─── Dataset excerpt

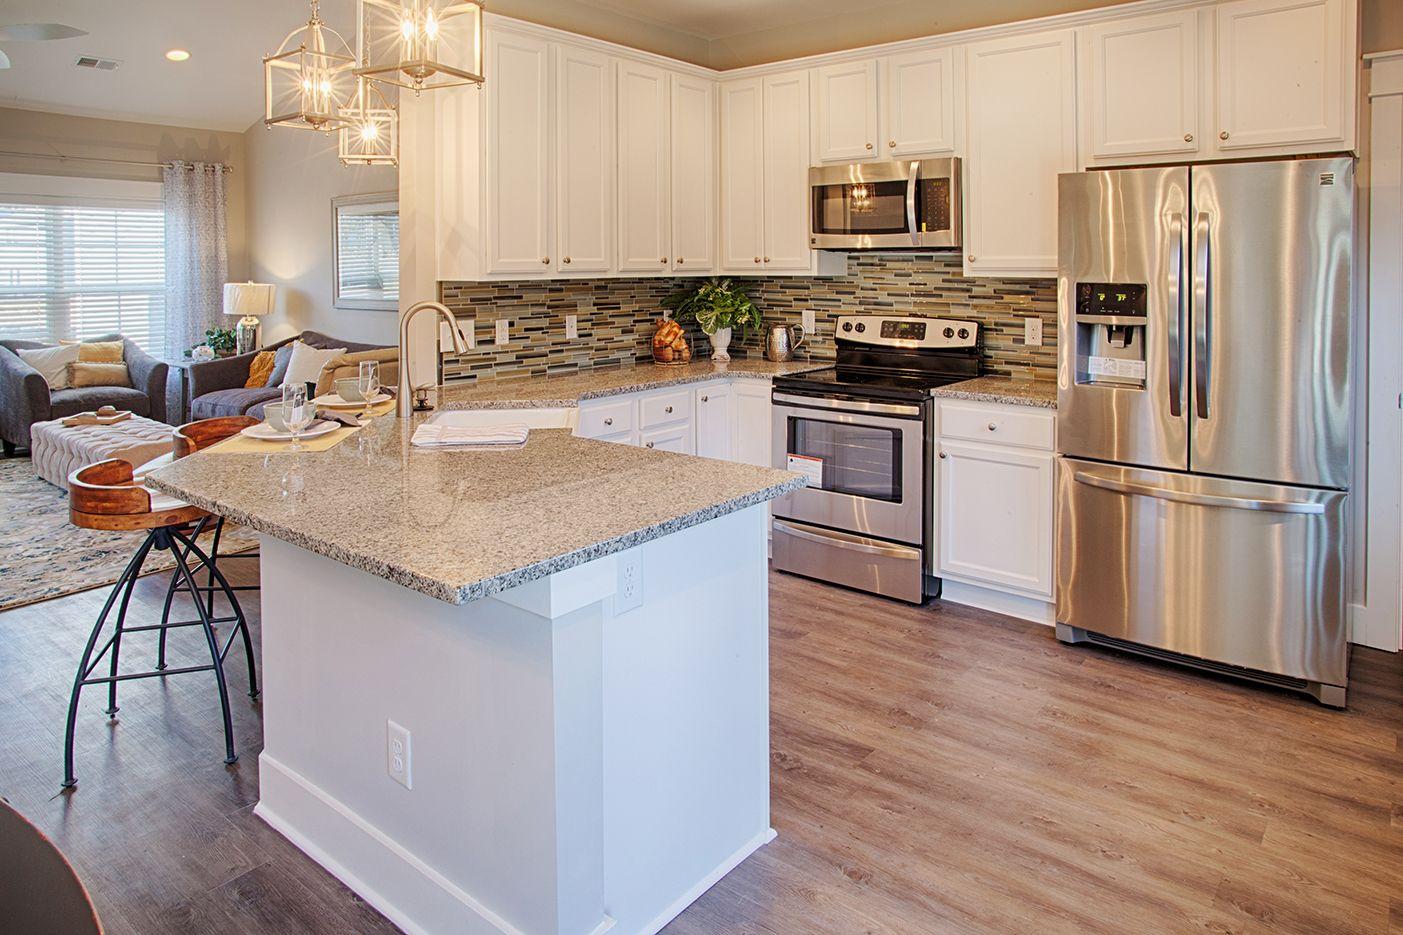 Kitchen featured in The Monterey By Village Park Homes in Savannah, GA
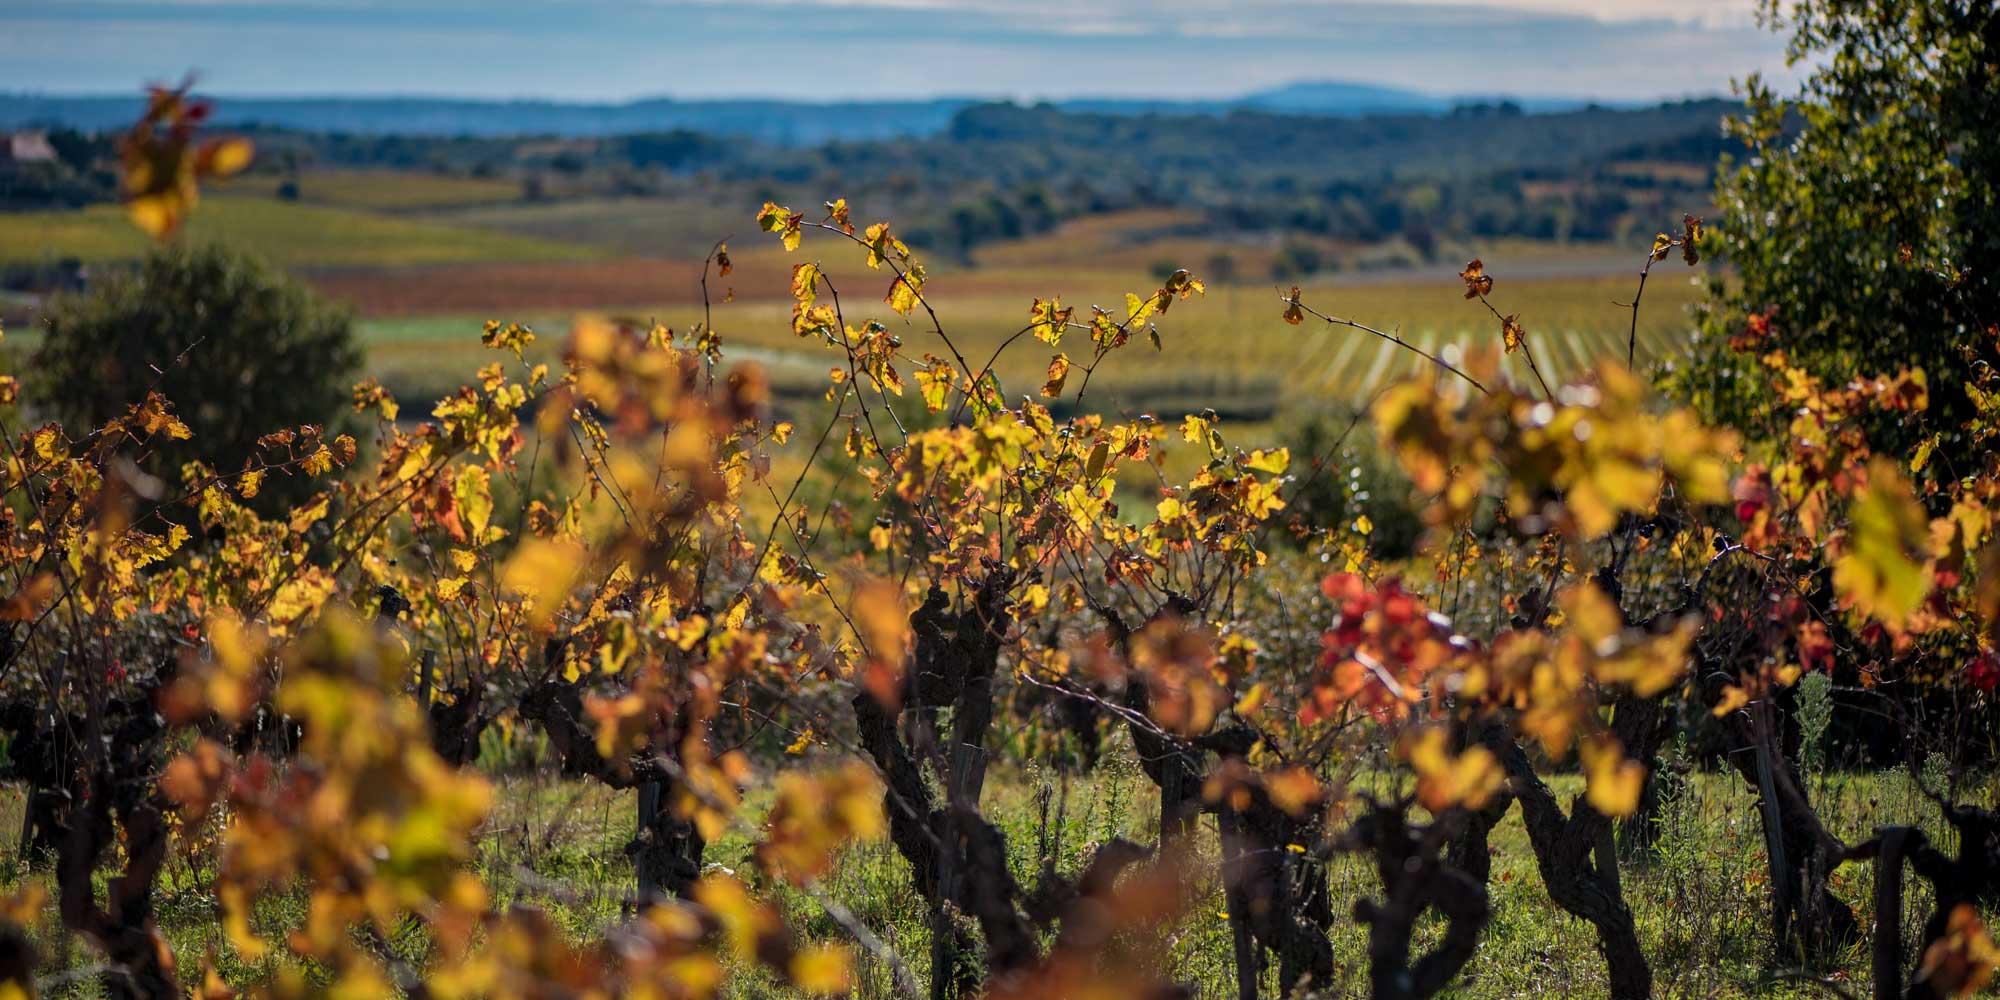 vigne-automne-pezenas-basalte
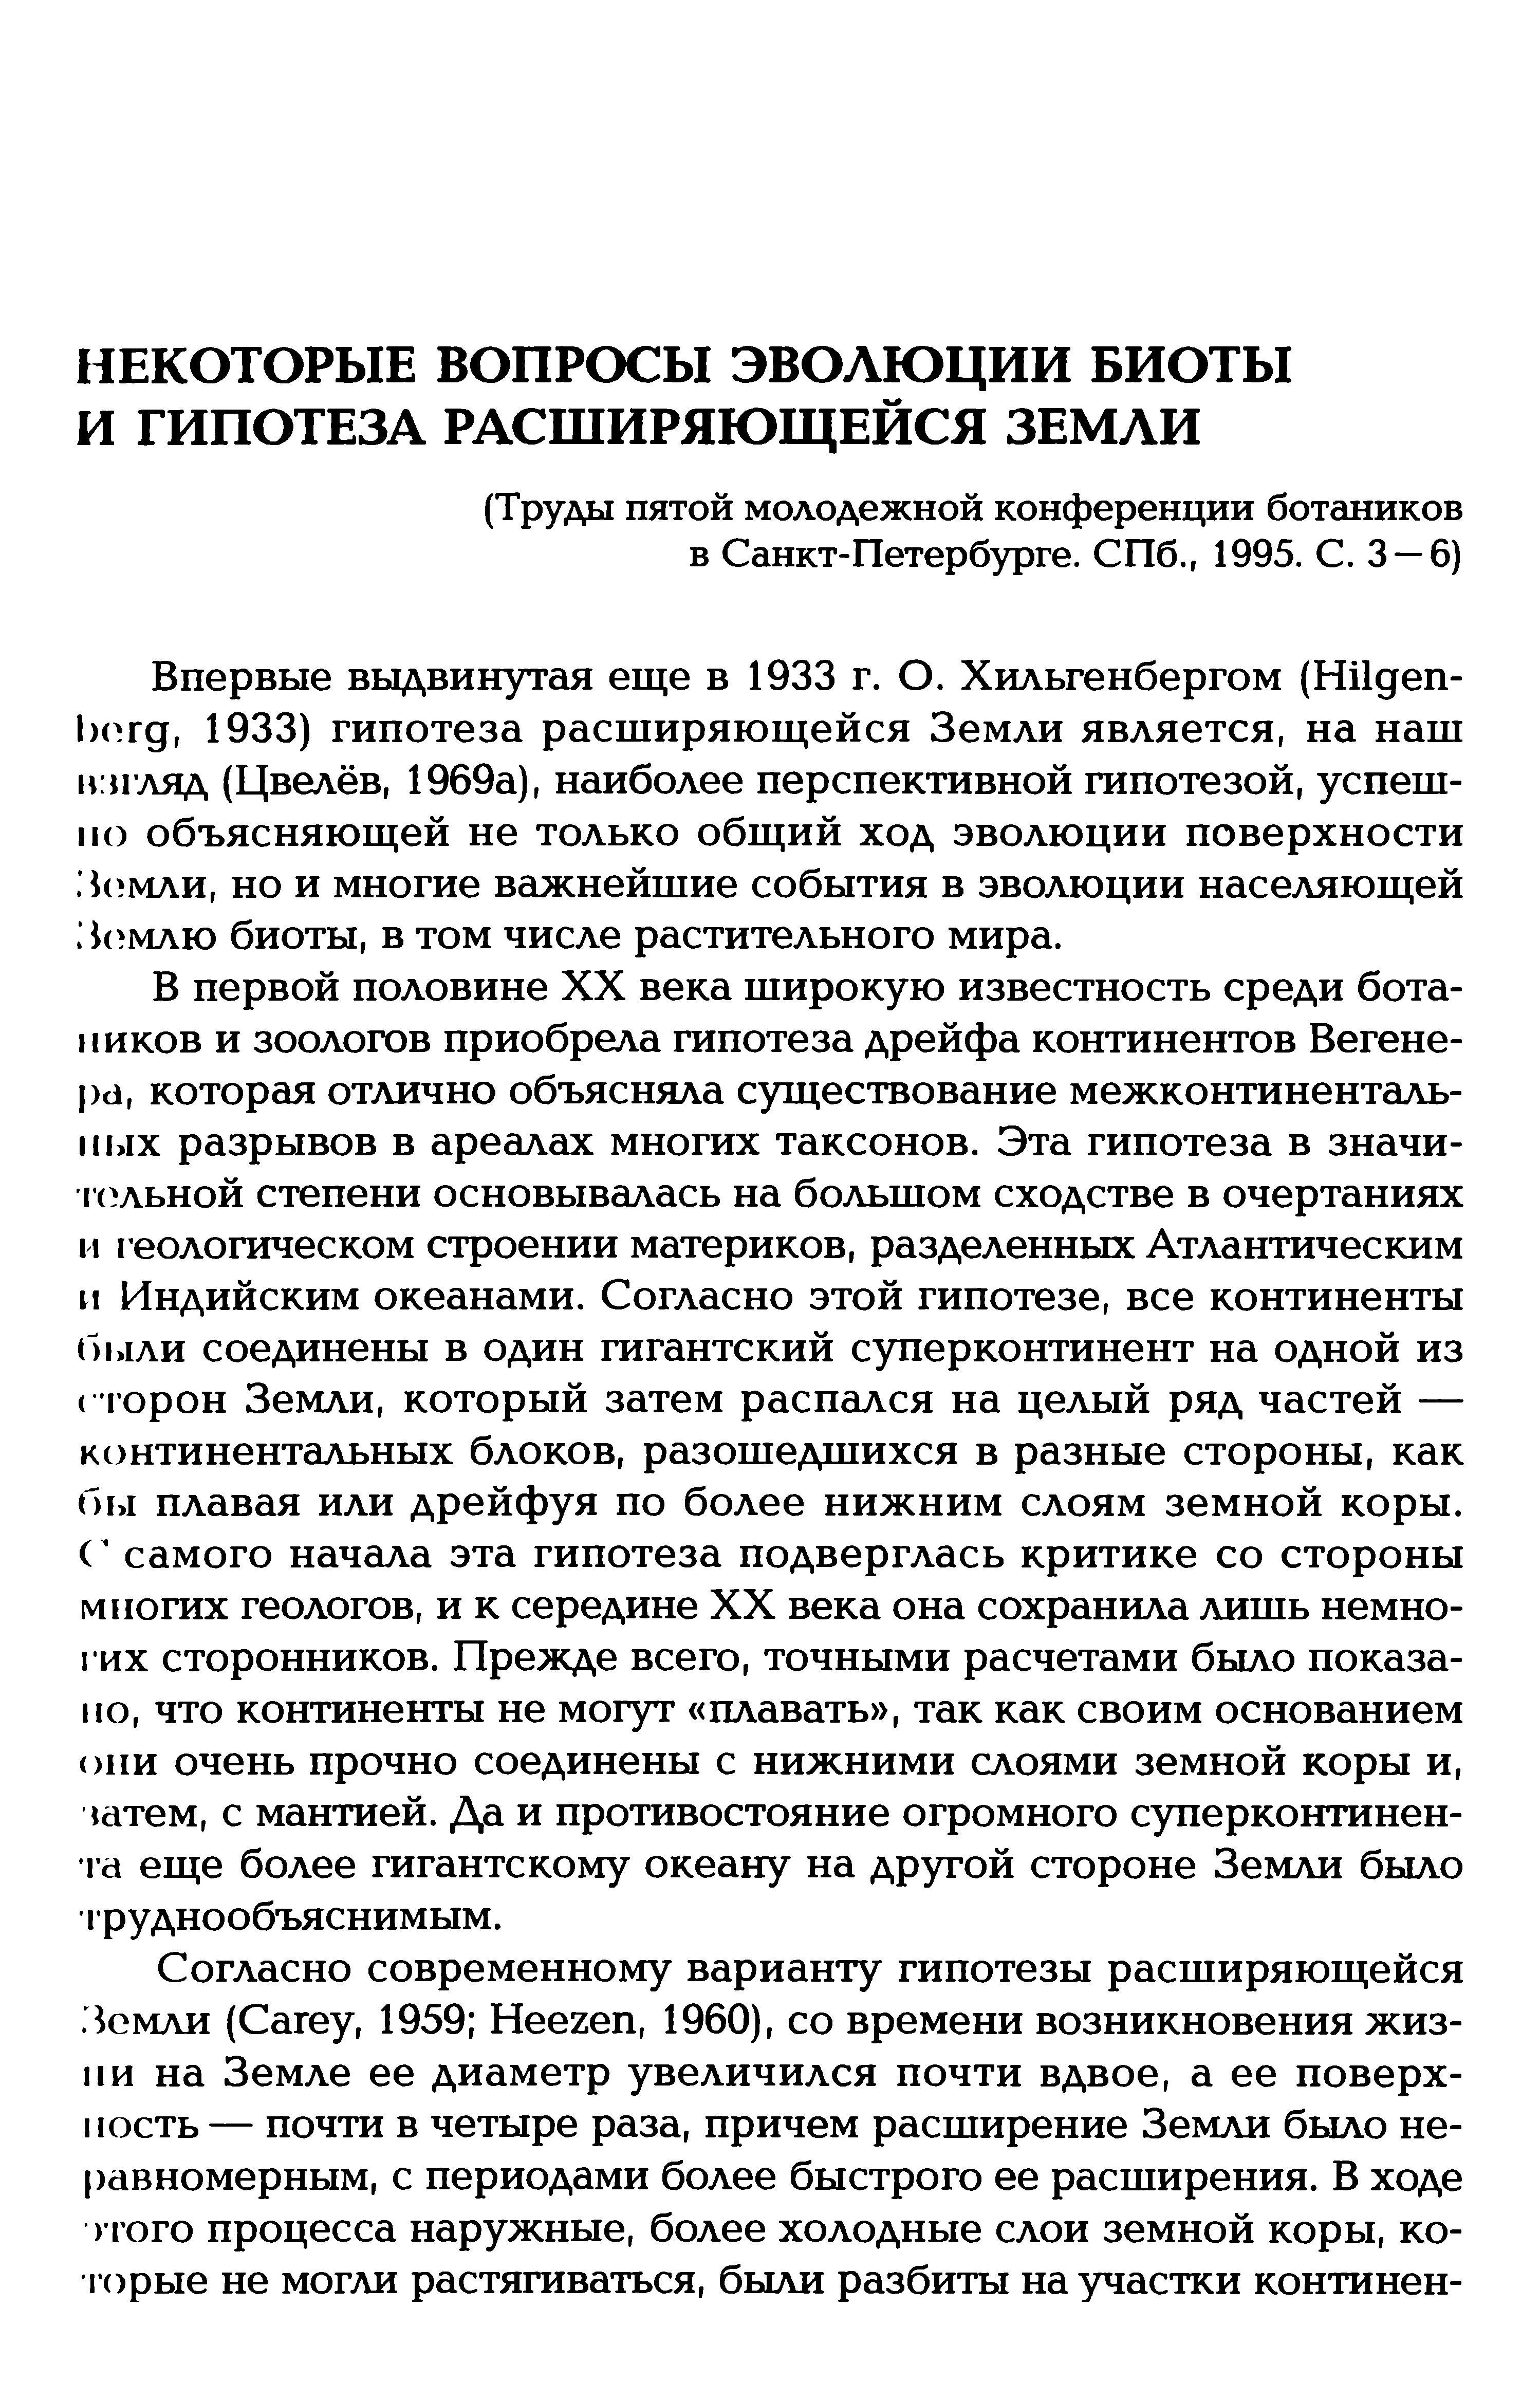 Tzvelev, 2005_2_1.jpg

──────

What is expected - Word for word, repeat the lines of data above, omitting every picture.

Response for this exercise -
 Kitchen featured in The Monterey By Village Park Homes in Savannah, GA
 vigne-automne-pezenas-basalte
 Tzvelev, 2005_2_1.jpg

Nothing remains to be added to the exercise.